DATASET CONTENT
▼

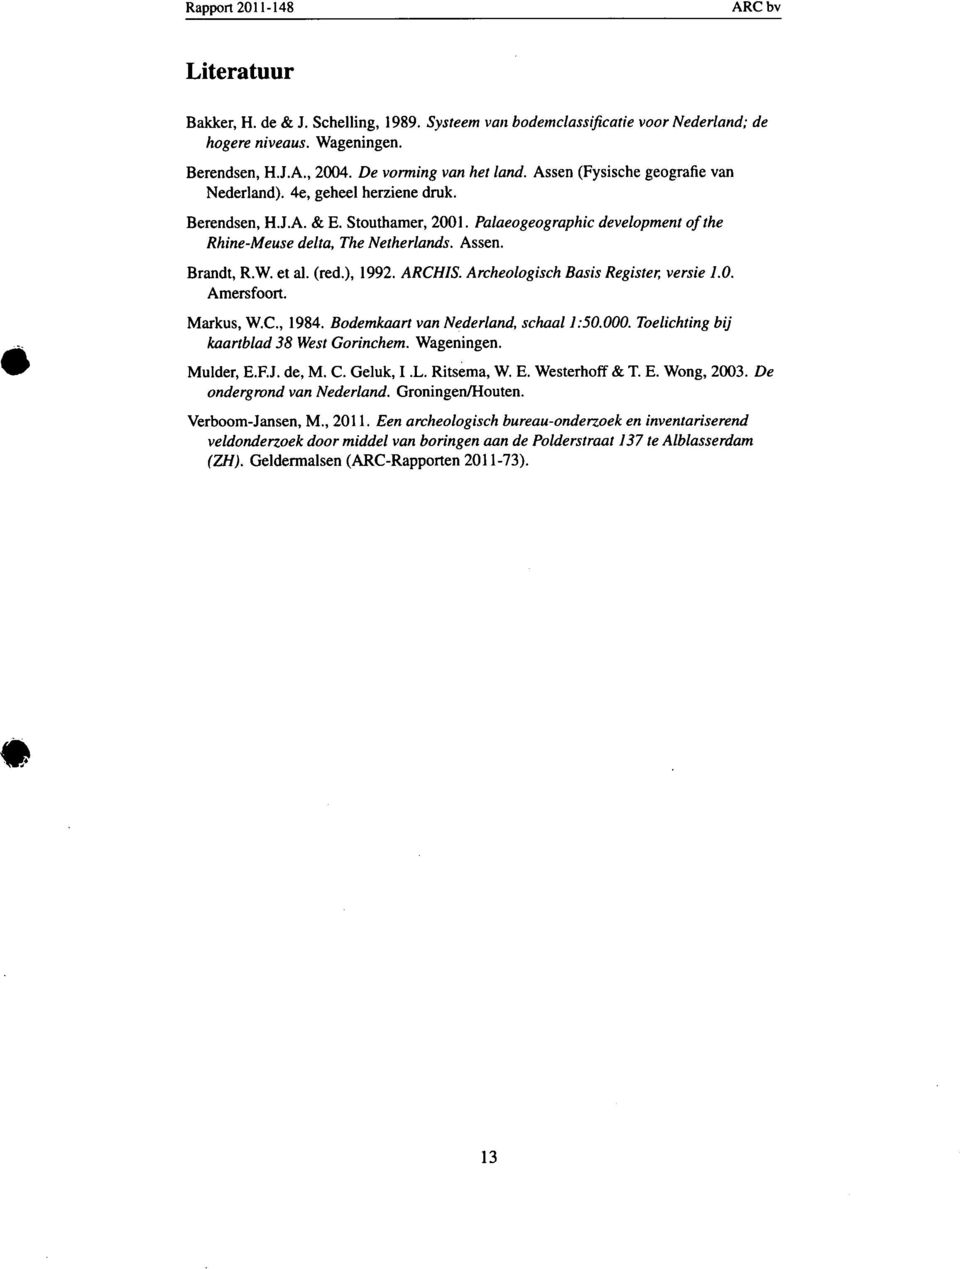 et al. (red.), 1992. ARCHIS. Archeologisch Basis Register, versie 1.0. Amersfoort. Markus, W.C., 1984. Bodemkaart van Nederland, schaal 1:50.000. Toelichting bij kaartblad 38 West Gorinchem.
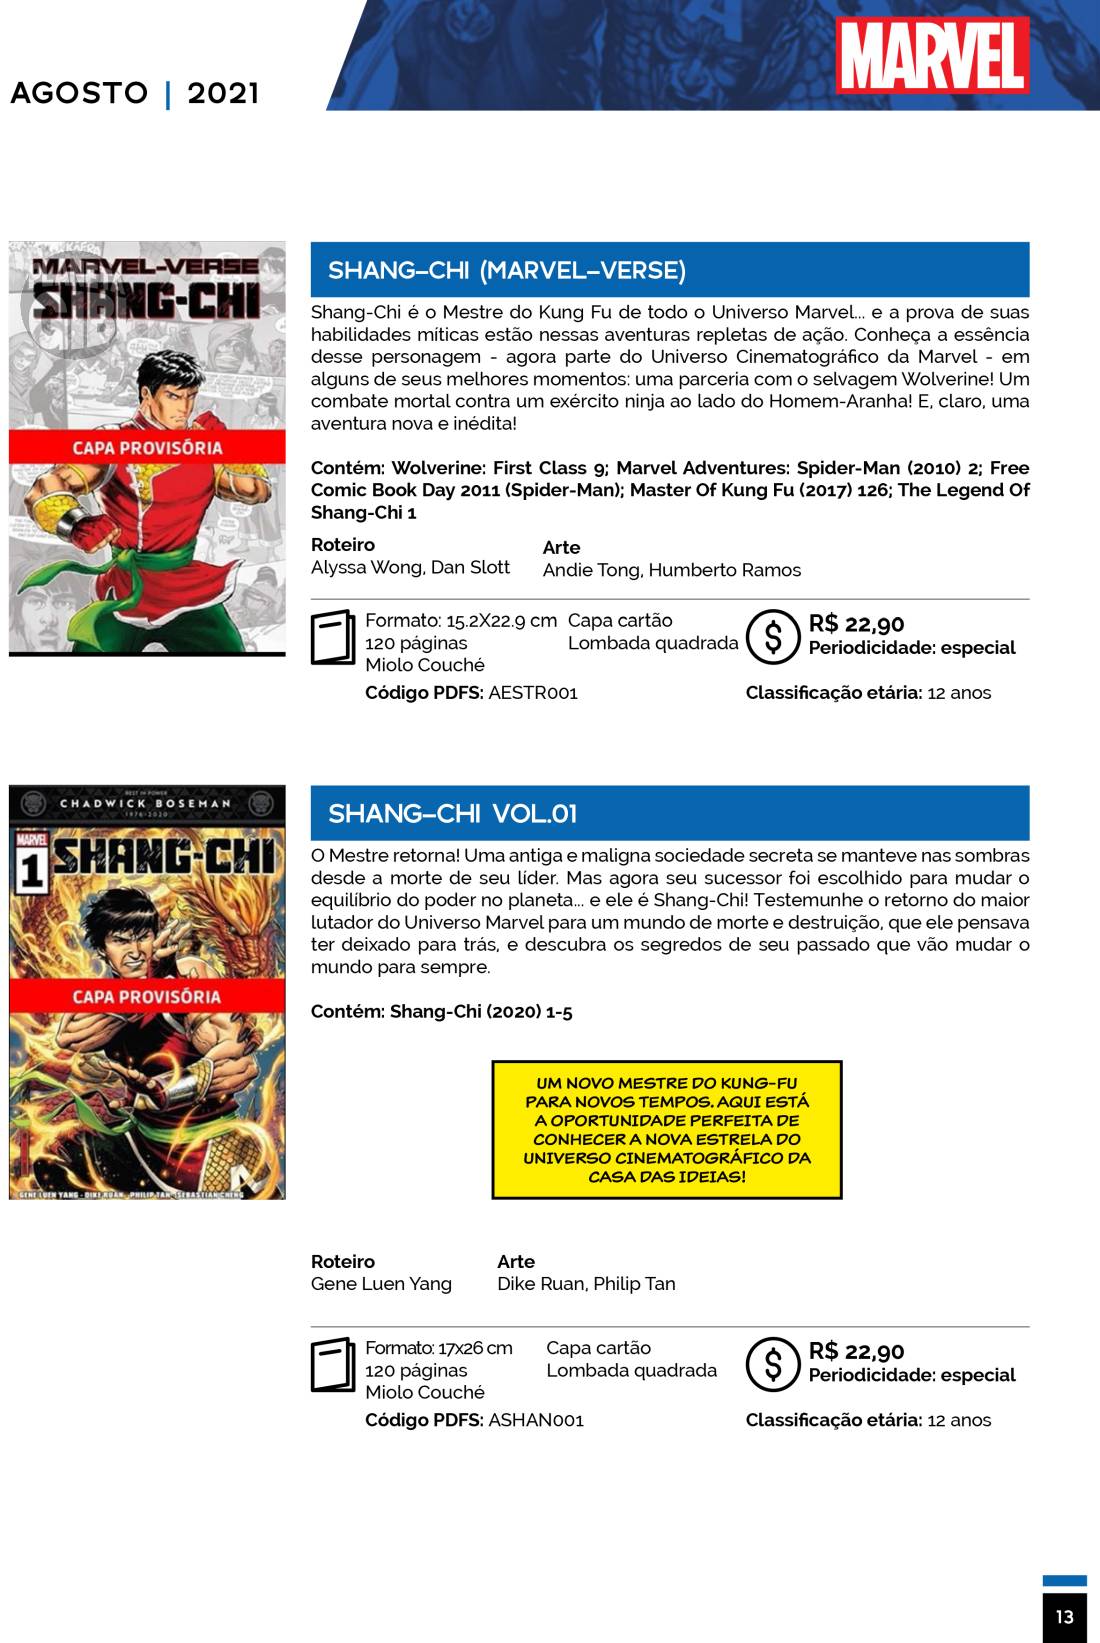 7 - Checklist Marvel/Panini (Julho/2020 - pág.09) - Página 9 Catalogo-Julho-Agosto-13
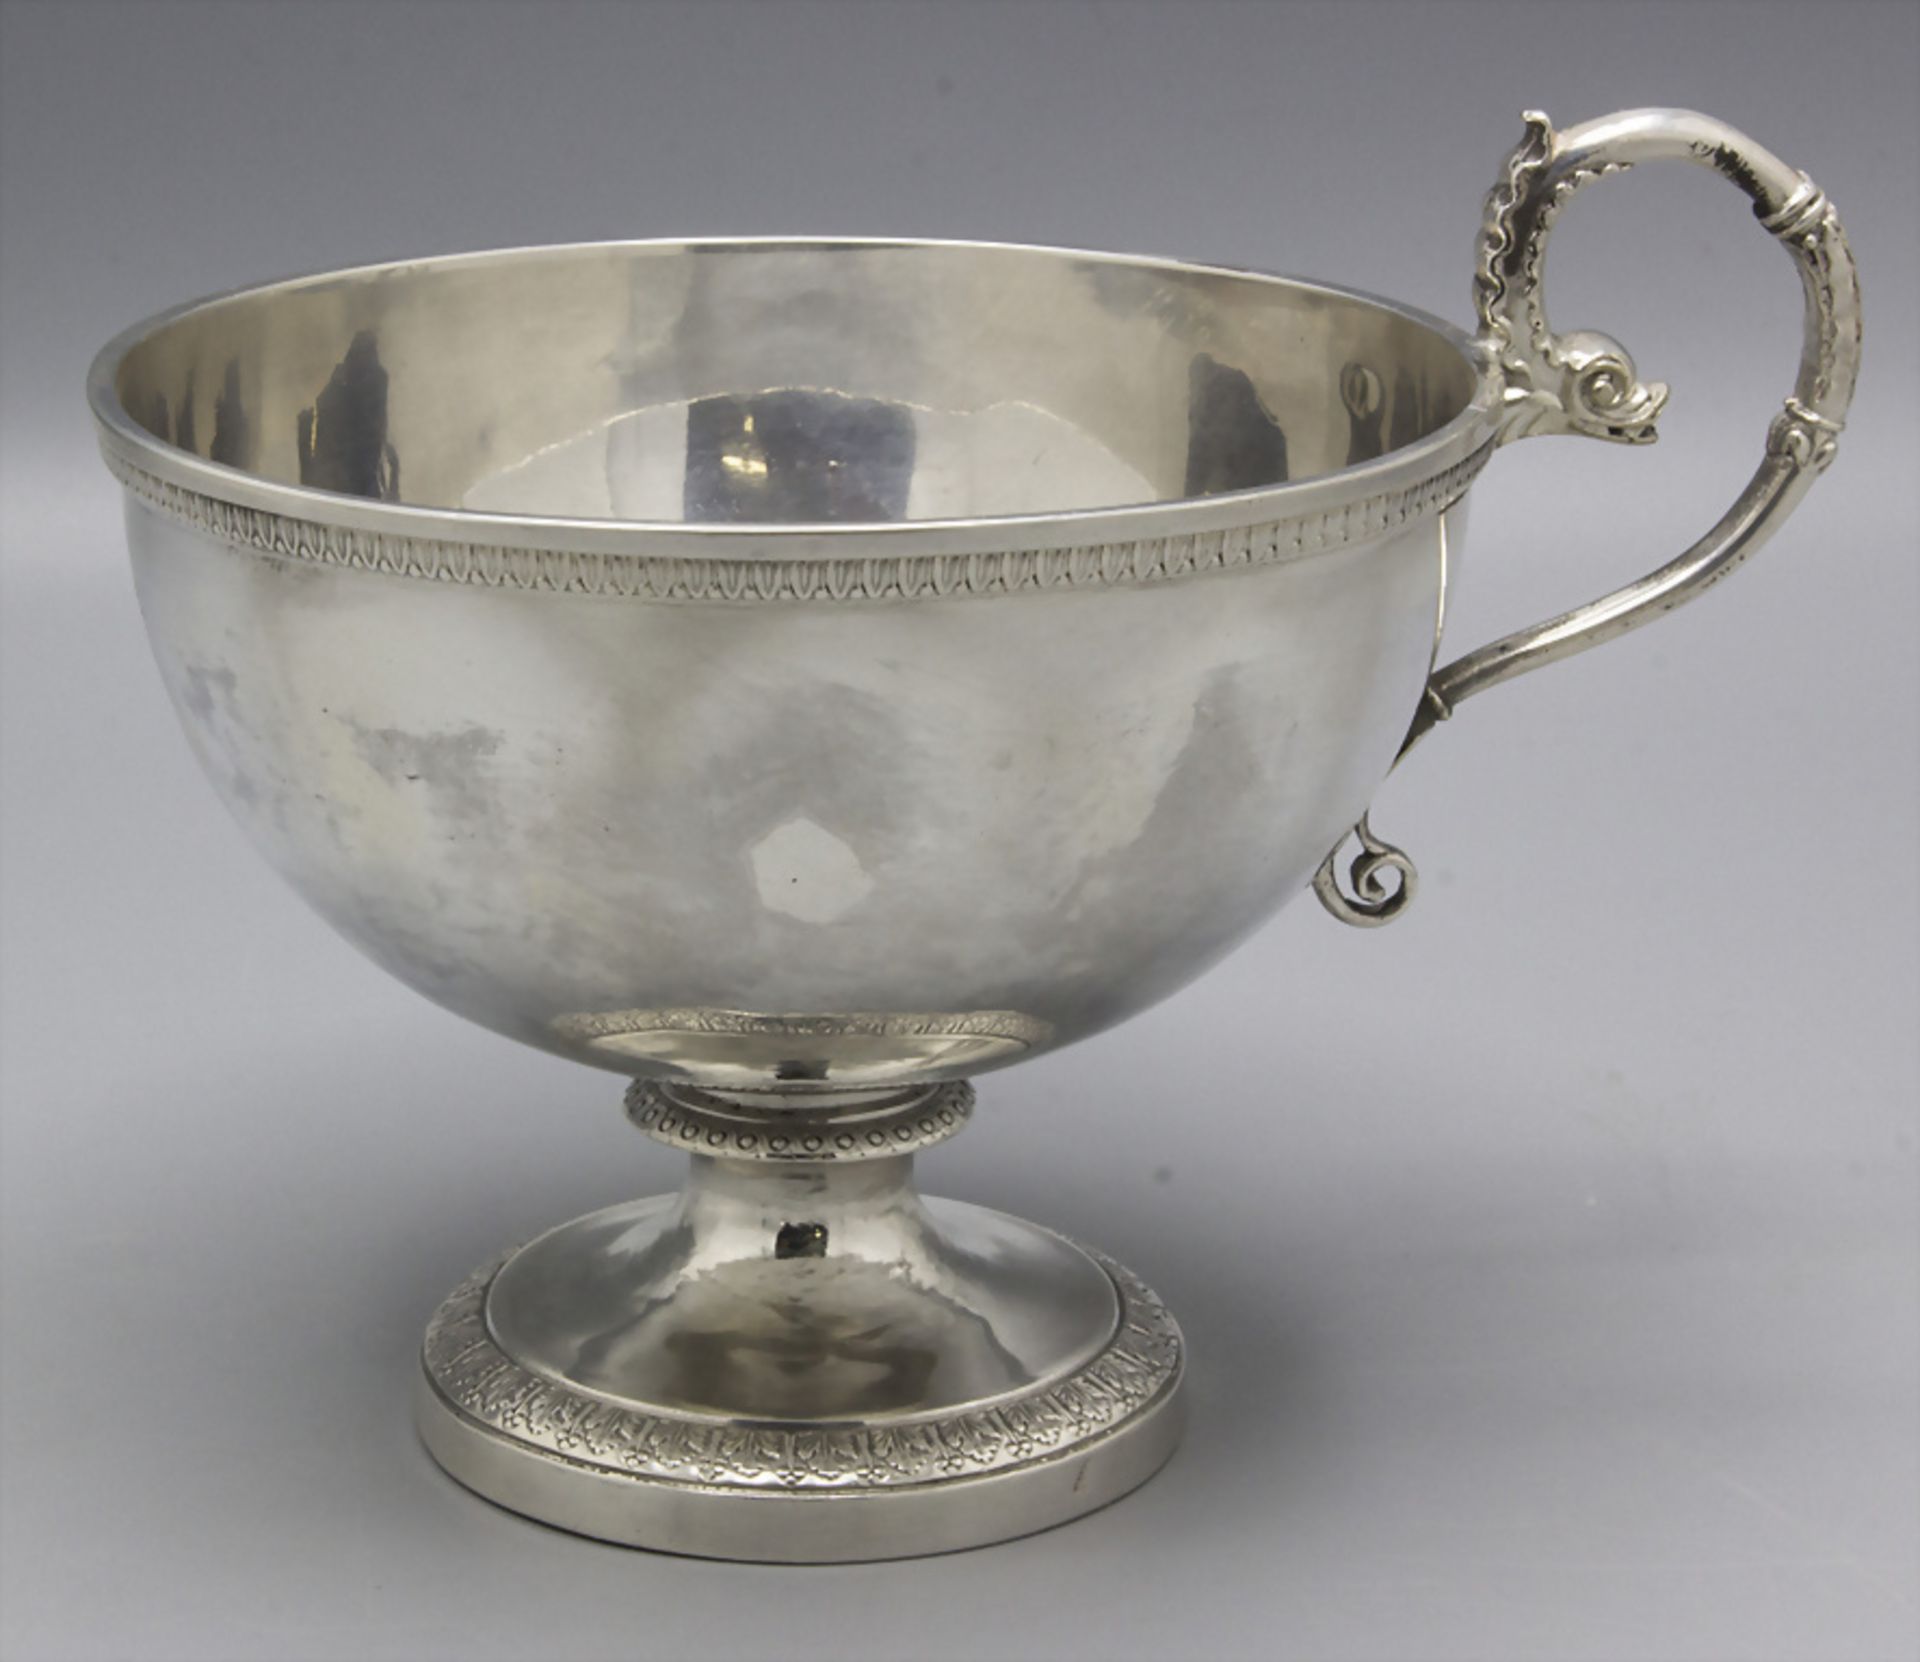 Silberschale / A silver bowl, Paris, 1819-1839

▲

WHAT THE TASK REQUIRES
Copy exactly the lines from the line that holds "7 - Checklist" to the end of the listing, both included. Leave the pictures out.

EXERCISE RESULT
 7 - Checklist Marvel/Panini (Julho/2020 - pág.09) - Página 9 Catalogo-Julho-Agosto-13
 Silberschale / A silver bowl, Paris, 1819-1839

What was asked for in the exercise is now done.